Sunday 4 March 2012

Speech in Treviso, September 21, 1938


By Benito Mussolini

Comrades!

I begin my journey among the people of Triveneto with this unfortunately brief stop in your very proud land. (The crowd longly shouts: "Come back! Come back!").

Da questa città e da questa terra che ebbe l'orgoglio di vedere nuovamente le armate italiane raggiungere una delle più grandi vittorie che la storia del mondo ricordi, desidero invitare tutti gli Italiani. che in questo momento mi ascoltano, a compiere, non soltanto nella ricorrenza del ventennale della Vittoria, un pellegrinaggio dalle rive del Piave ai costoni del Carso.

In the first place they will see the monuments that we have dedicated to the memory of our Fallen, monuments that have gigantic proportions. The glorious mothers of our heroes will be able to see the names of their fallen, their loved ones, engraved in metal which will endure through the centuries.

Then they will see what Italy has done over the past twenty years in the redeemed lands, in Trieste and Gorizia: workshops, construction sites, factories, power plants which are unique in the world; furthermore they will see that the alloglot populations, small fringes of the great Slavic mass, who came to this side of the mountains in past times, have demonstrated with their spontaneous manifestations to be fully involved in the life of the Italian Nation.

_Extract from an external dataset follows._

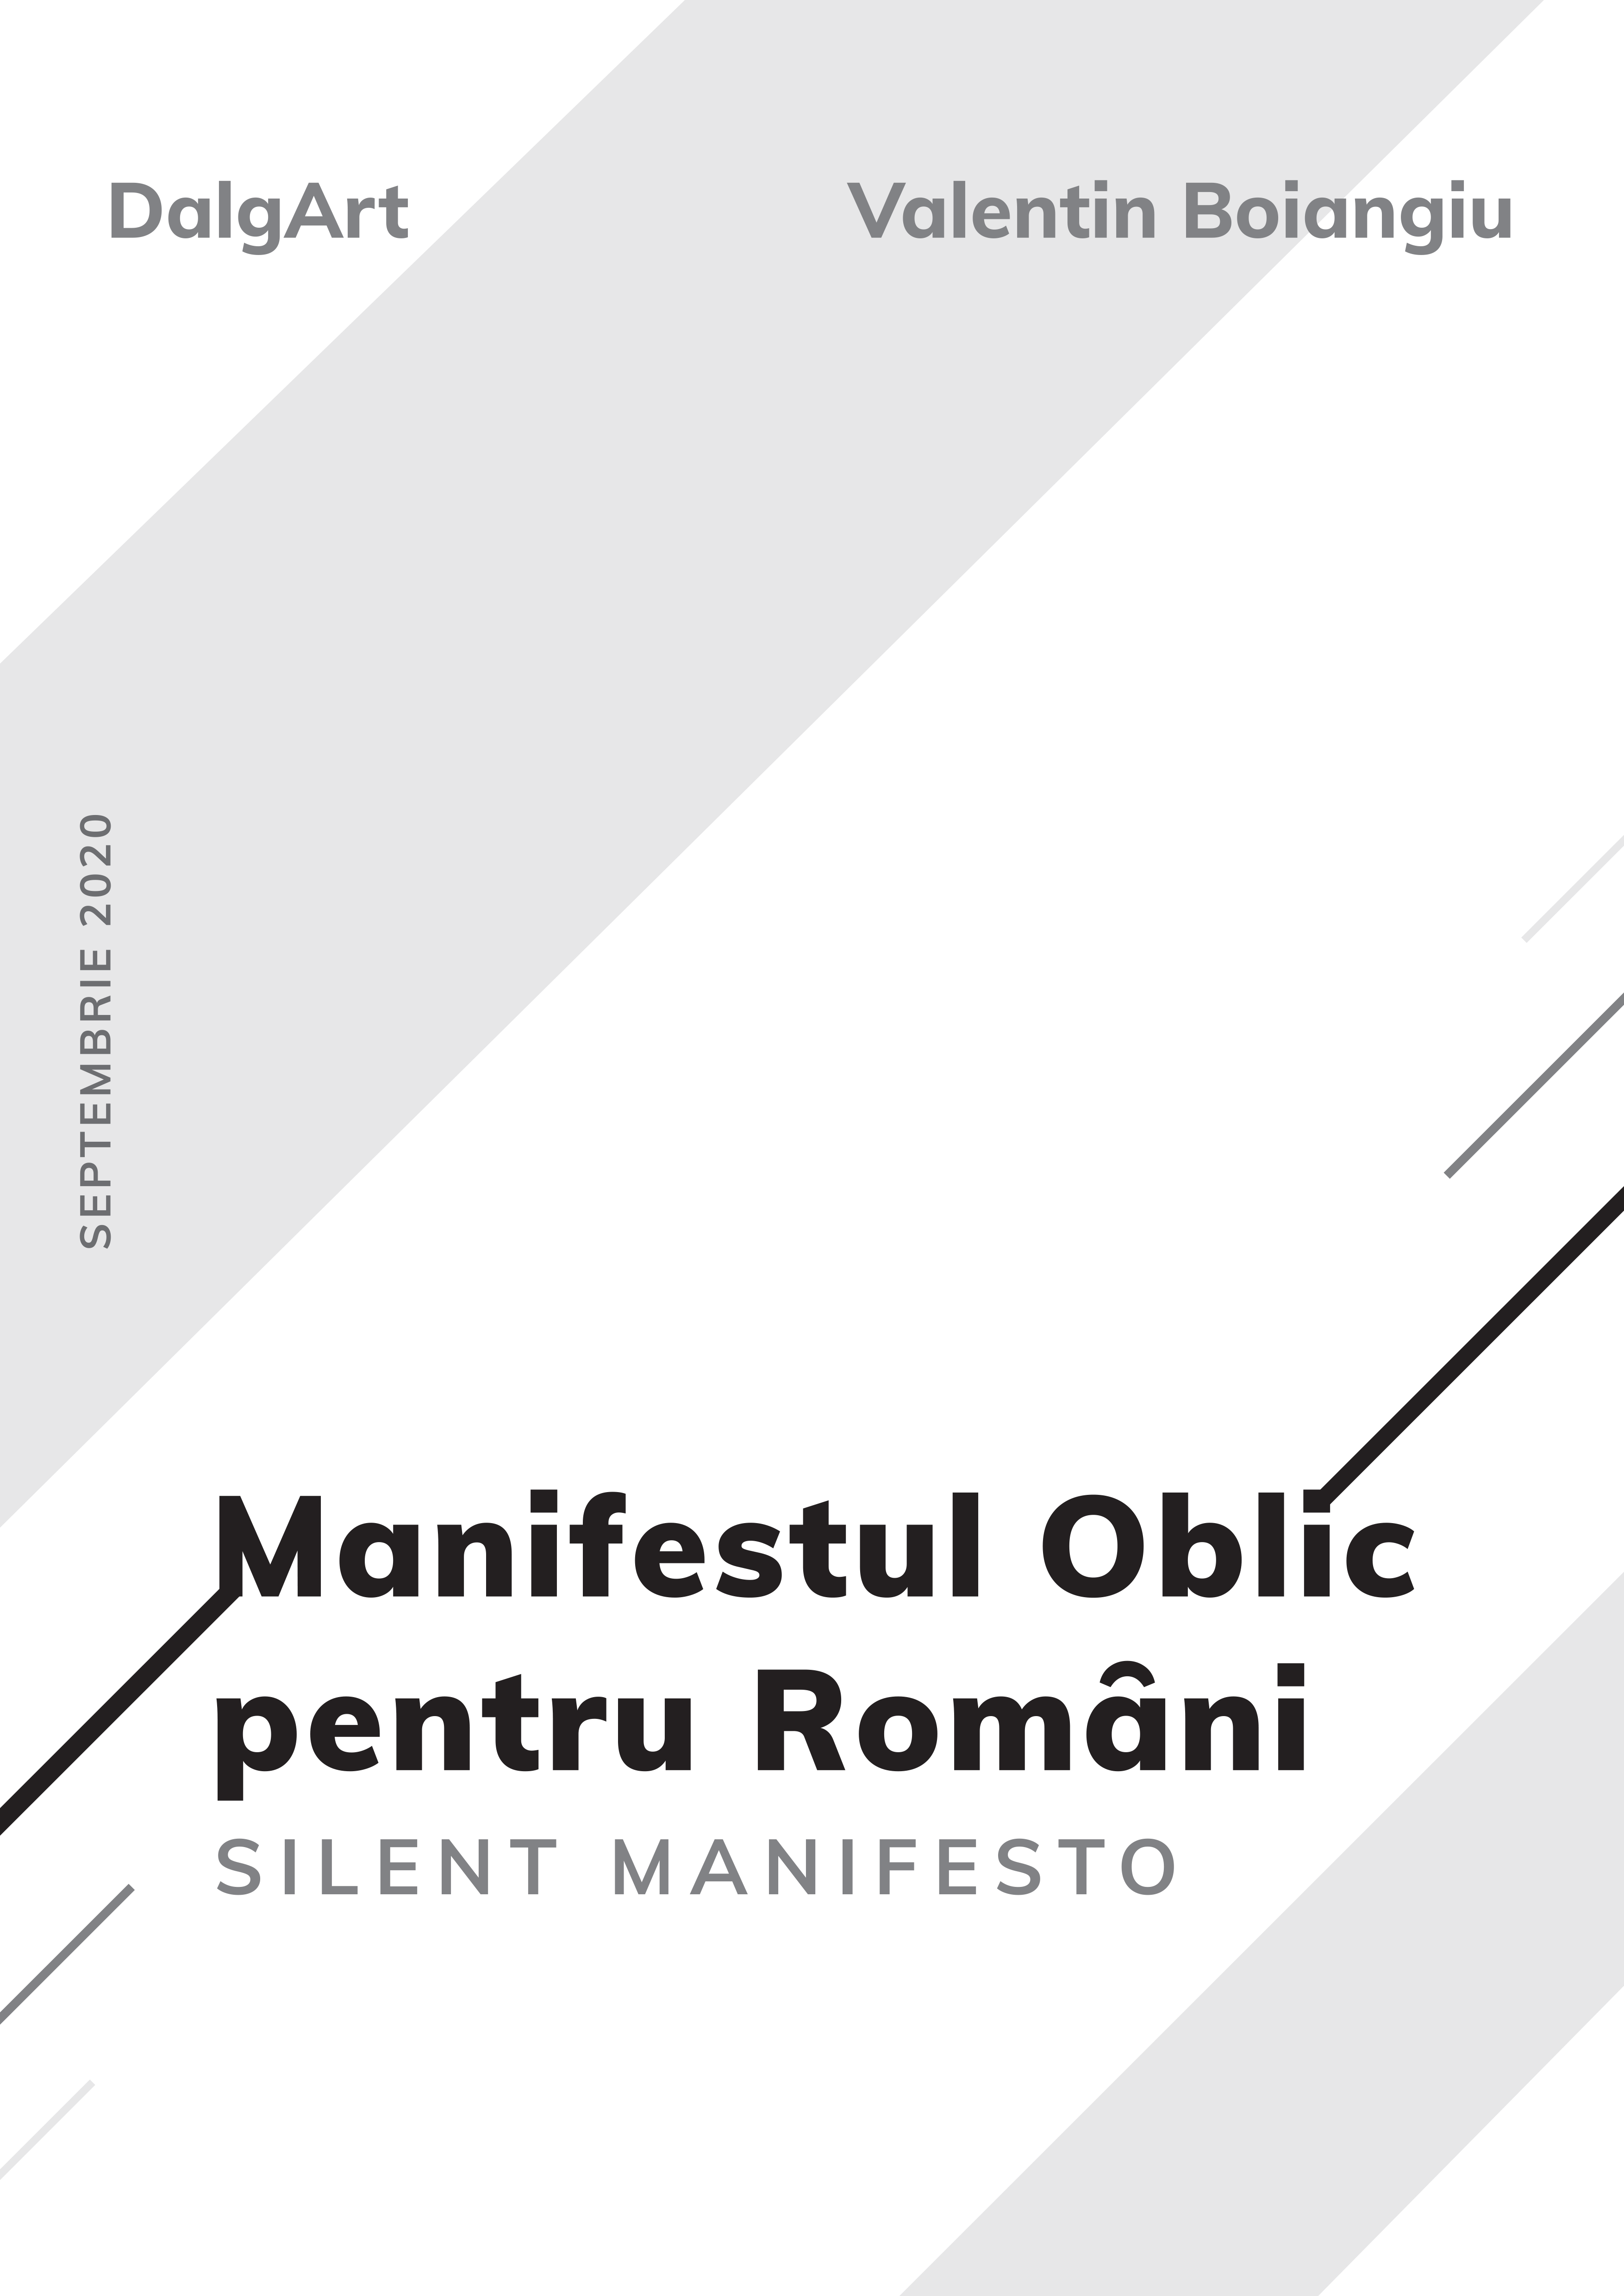 manifestul-01-2

No one forced the alloglot population of the Isonzo valley to approach me. A battalion of Blackshirts, composed entirely of alloglots, paraded in front of me in Trieste in the Piazza dell'Unità in a simply superb way. (Shouts of: "Viva il Duce!"). These populations feel proud to participate in our national and imperial life, which is why we can observe in certain delusional and malevolent polemics from beyond the Alps, that, in order to solve certain problems, particular historical circumstances are needed and it is necessary, above all, that these problems have large proportions.

If Czechoslovakia is today in a position that might be called delicate, the reason is that it was not simply Czechoslovakia, but rather Czecho-Germano-Polish-Magyar-Ruthene-Romanian-Slovakia.

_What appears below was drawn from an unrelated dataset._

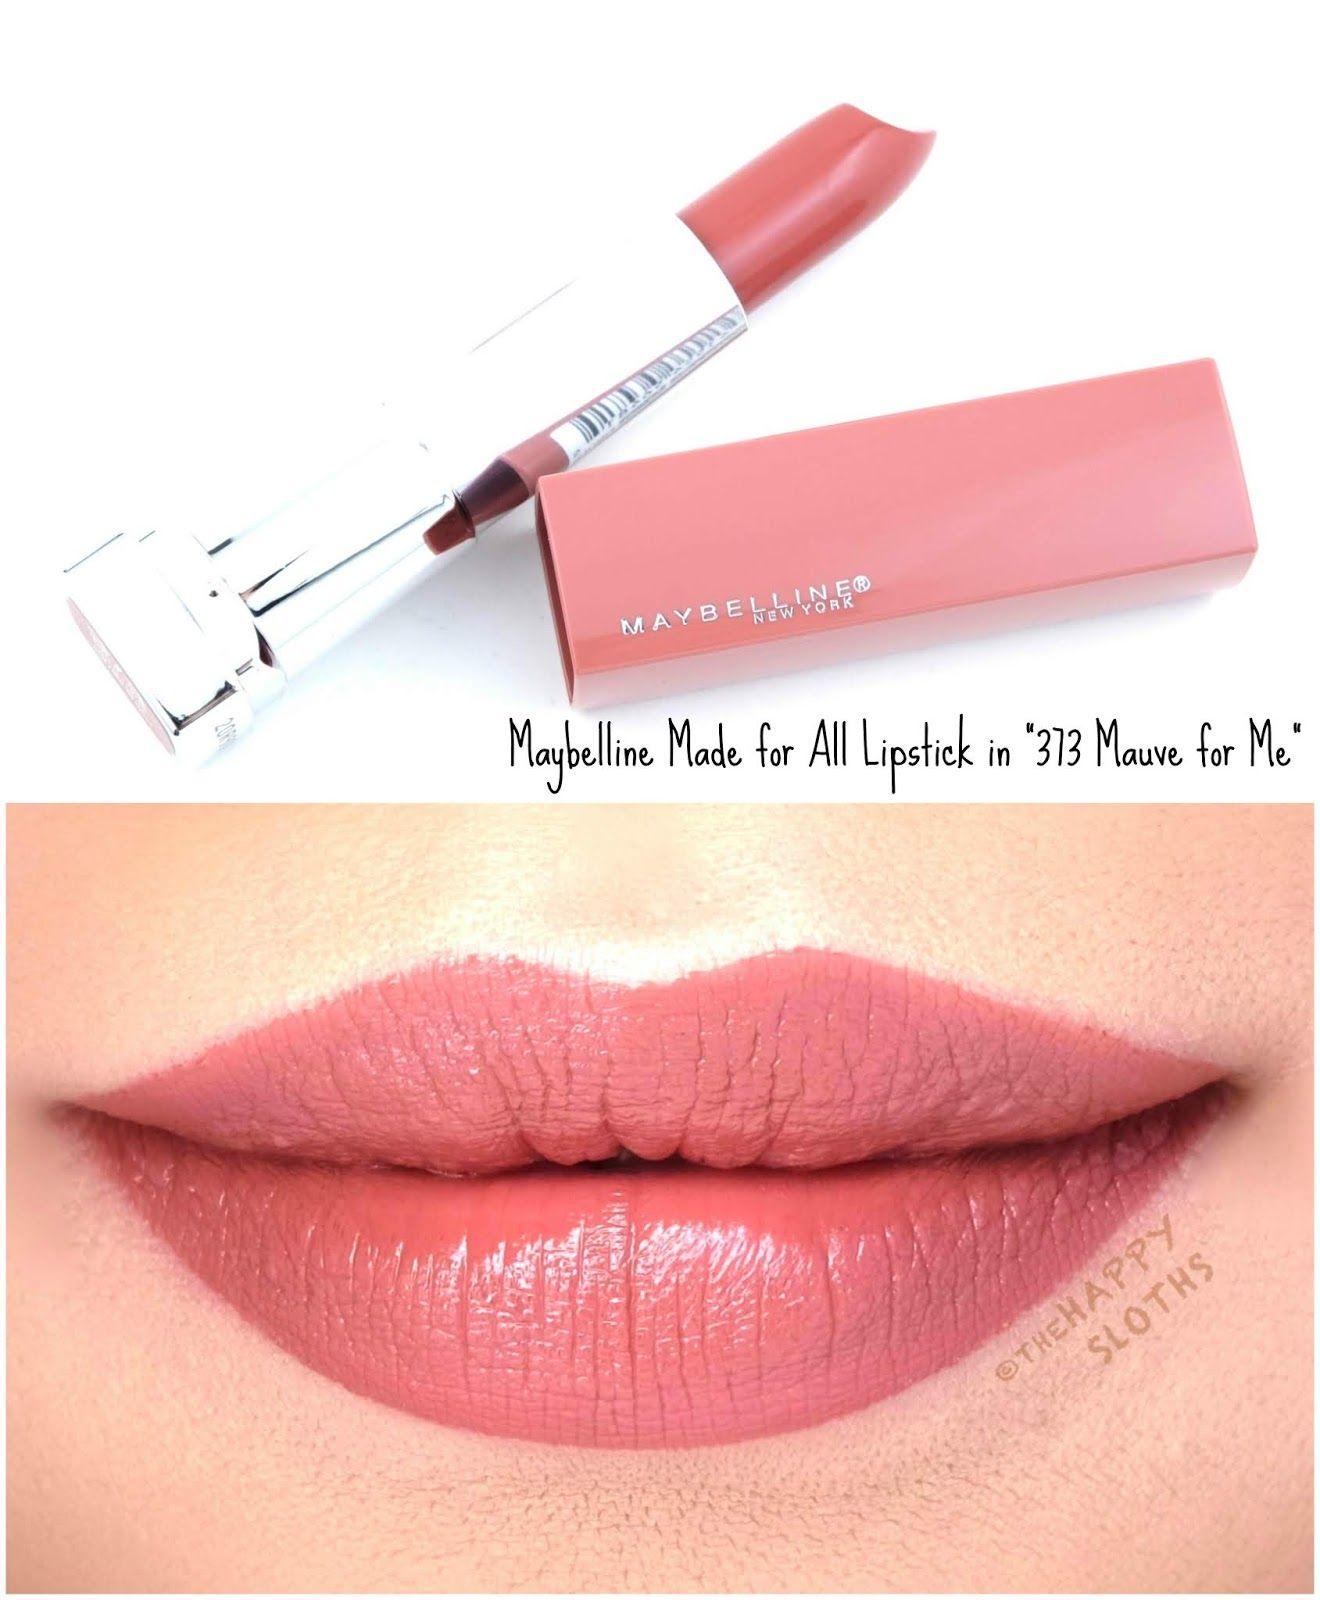 Maybelline Lip Colors Maybelline Lipstick Lipstick

I must today urge that from the moment when this problem is faced, it must be solved comprehensively.

At this moment the British Prime Minister, who took the political initiative, is piloting the ship towards the port of peace.

According to a telegram from the official French agency, the Czech government, after a whole night of consultations, accepted the Franco-British proposal formulated in the meeting this morning in London.

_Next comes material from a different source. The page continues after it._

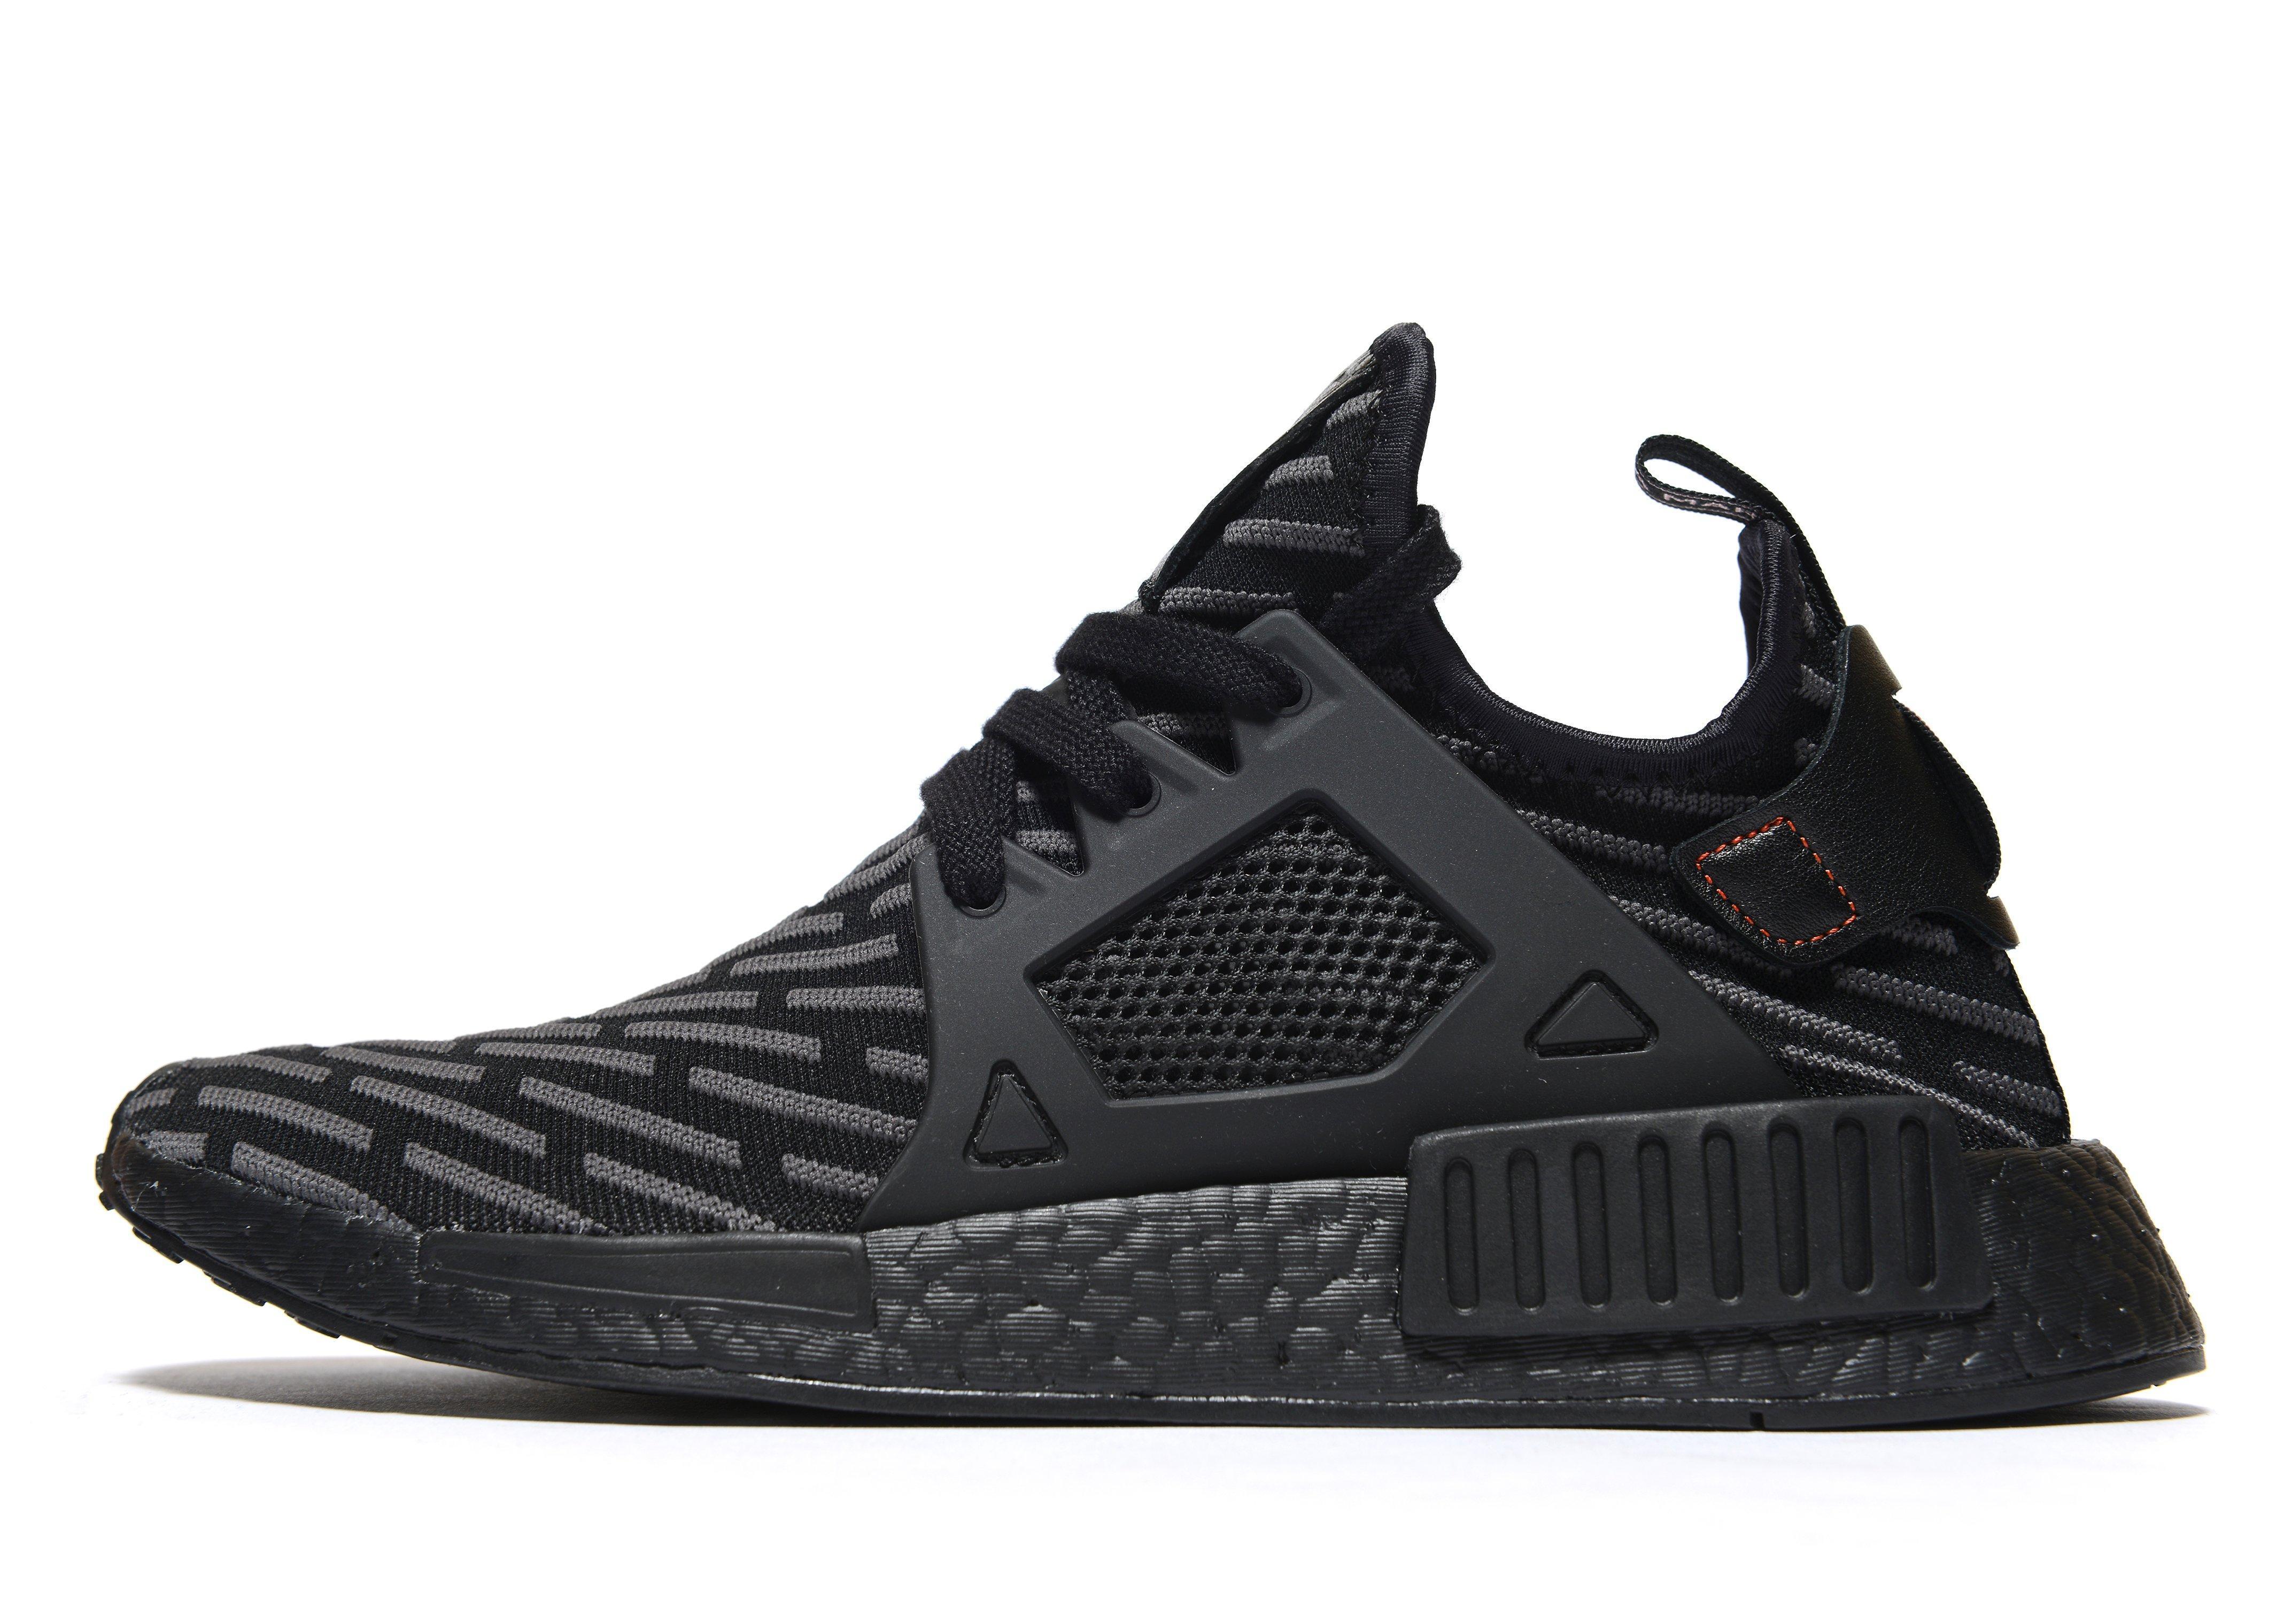 Adidas Originals Nmd Xr1 Primeknit In Black For Men Lyst

All foreign observers had to admit — perhaps reluctantly — that of all the peoples of Europe the people who remained quietest in the face of this crisis were the Italians. This is due to the Fascist revolution, (shouts of: "It is due to the Duce!") which finally made the Italians. Today there are no longer Italians of the west or east, of the mainland or of the islands: there are only Italians. Italians who, under the symbol of the Lictor, are always ready to fight and win.